Формирование в американском обществе мифологизированного образа войны США с Испанией 1898 г.

Образ войны как продукта исторической памяти, как правило, создается на основе не только личных писем и воспоминаний, но и средств массовой информации. Однако вопрос об эмоциональной информации в сравнении с рациональным восприятием противоречивой информации все еще остается открытым. Во время испано-американской войны 1898 года, несмотря на обилие документальных материалов, поток сенсационной информации, шокирующей и будоражащей чувства простых людей, оказал решающее влияние на умы современников. Особенно заметными были публикации “желтой” прессы, будоражившие воображение широких слоев читателей скандальными новостями, регулярно появлявшимися на страницах ”Нью-Йорк Джорнал“ и "Нью-Йорк Уорлд”, принадлежащих У. Херсту и Дж. Пулитцеру. Они изображали испанцев жестокими и кровожадными убийцами, которые совершили множество зверств над кубинскими повстанцами и мирными жителями. С помощью таких периодических изданий был создан устойчивый мифологизированный образ испано-американской войны, выражающийся прежде всего в эмоционально негативном образе “врага”, с одной стороны, а с другой - в чрезмерном прославлении героических деяний американских военачальников и простых солдат.

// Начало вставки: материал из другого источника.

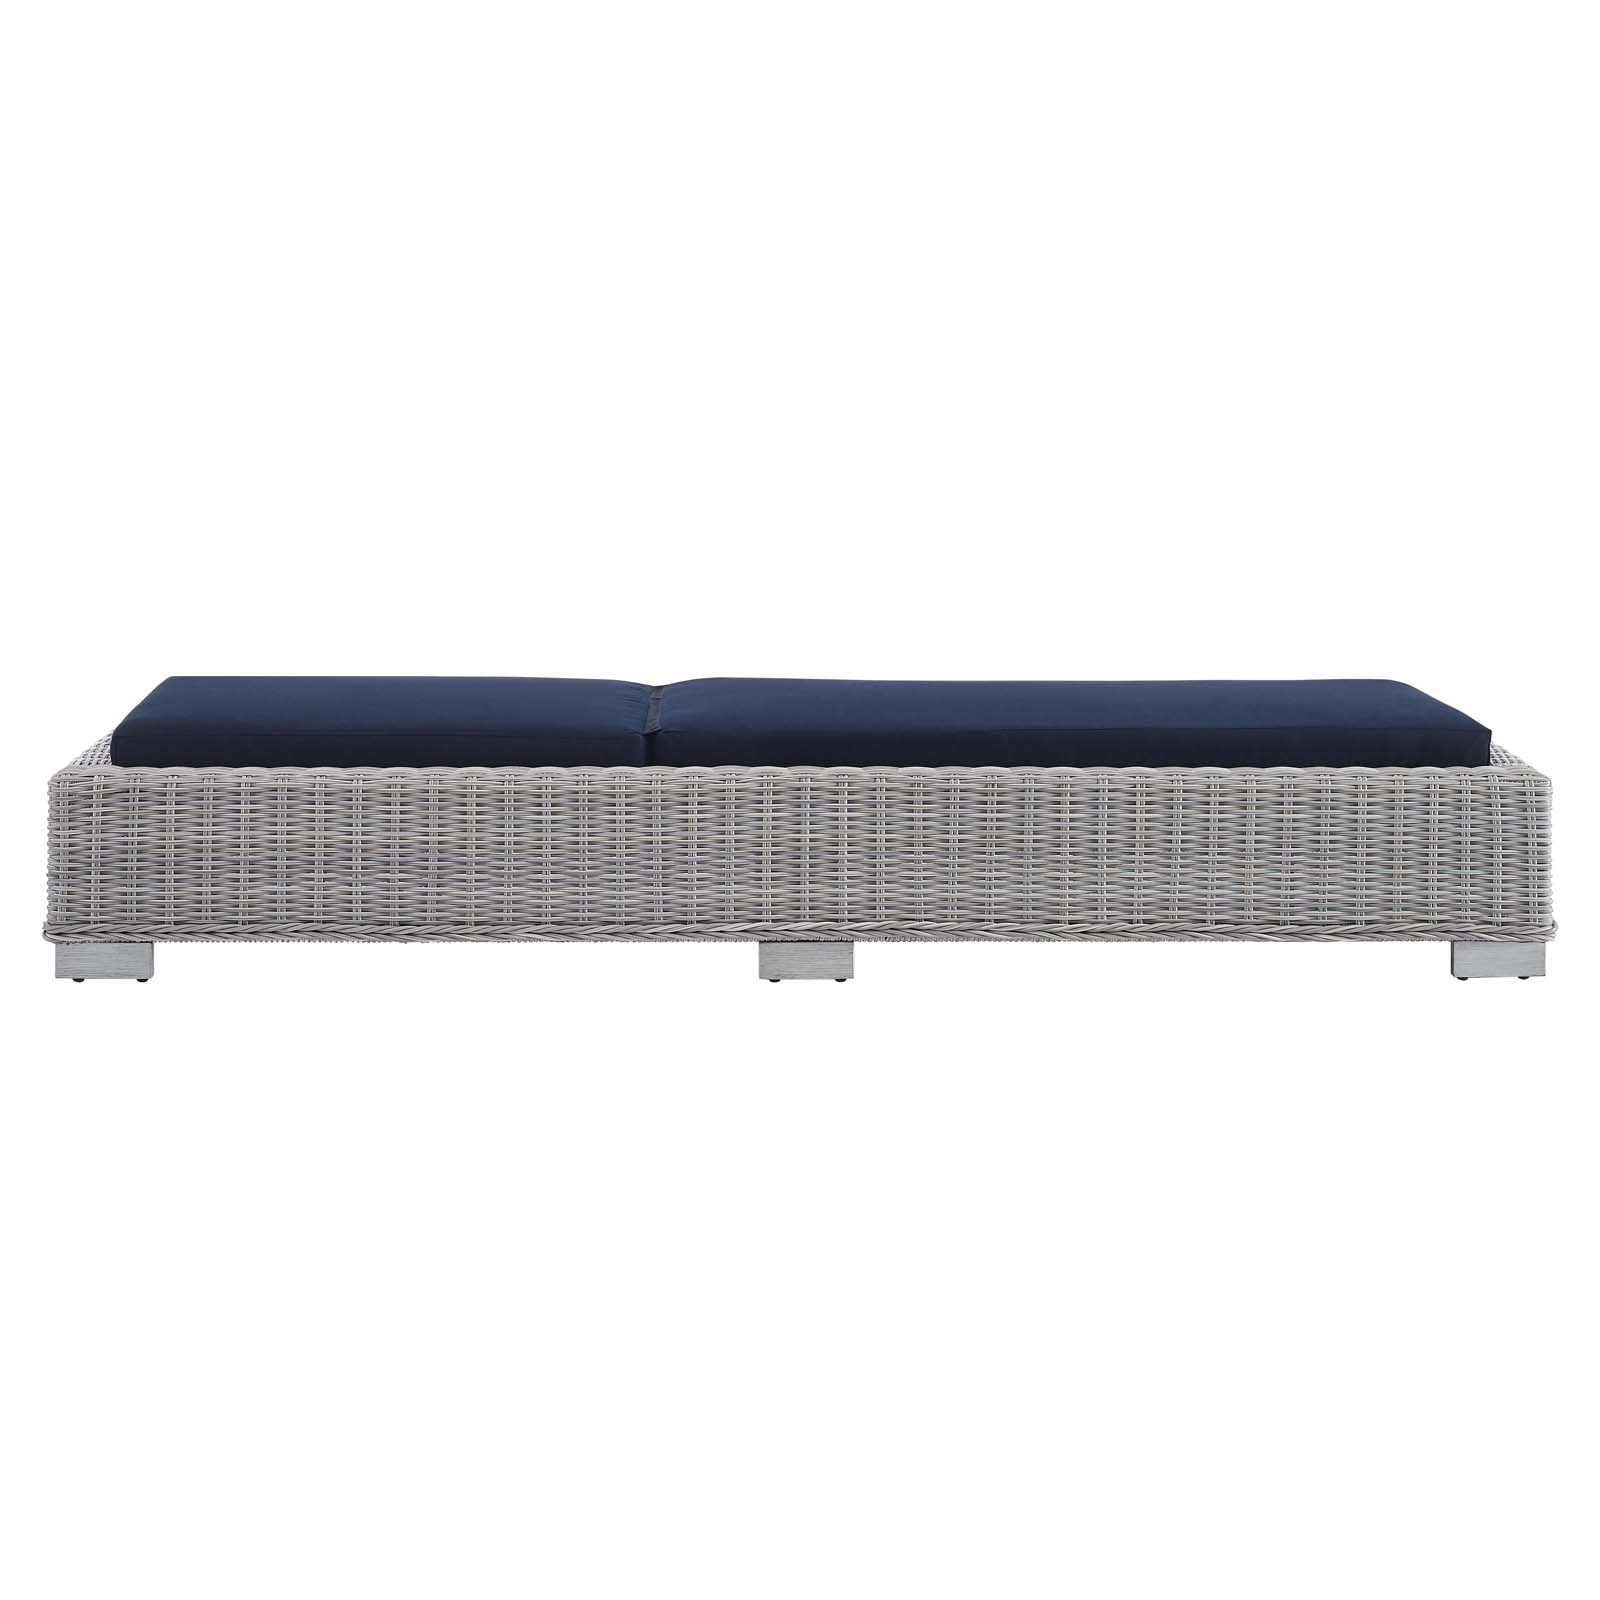 Modway Conway Sunbrella? Outdoor Patio Wicker Rattan Chaise Lounge in Light Gray Navy - image 4 of 10

Испано-американская война благодаря образному выражению госсекретаря Дж. Хэя вошла в историю в качестве «блестящей маленькой войны». Ее итогом стали первые территориальные приобретения США (Гуам, Пуэрто-Рико, Филиппины и формально независимая Куба, превращенная в американский протекторат). Быстротечность и результативность испано-американской войны обусловили формирование в американском обществе идеологемы о профессионализме и высокой боеспособности собственных вооруженных сил. В массовом сознании окончательно утвердился образ мировой державы, «обладающей сильной армией, готовой в каждую данную минуту поддержать оружием требования правительства Соединенных Штатов»1. Американцы восторгались «блистательными» подвигами своих воинов и сравнивали уничтожение испанской эскадры с Наваринским сражением, а блокаду Сантьяго-де-Куба — с осадой Севастополя. Они без меры расхваливали полководческий талант военачальников, объявив командующего экспедиционным корпусом на Кубе генерала-майора У. Шафтера лучшим полководцем, а Дж. Дьюи, потопившего испанскую армаду в Манильской бухте, флотоводцем всех времен и народов.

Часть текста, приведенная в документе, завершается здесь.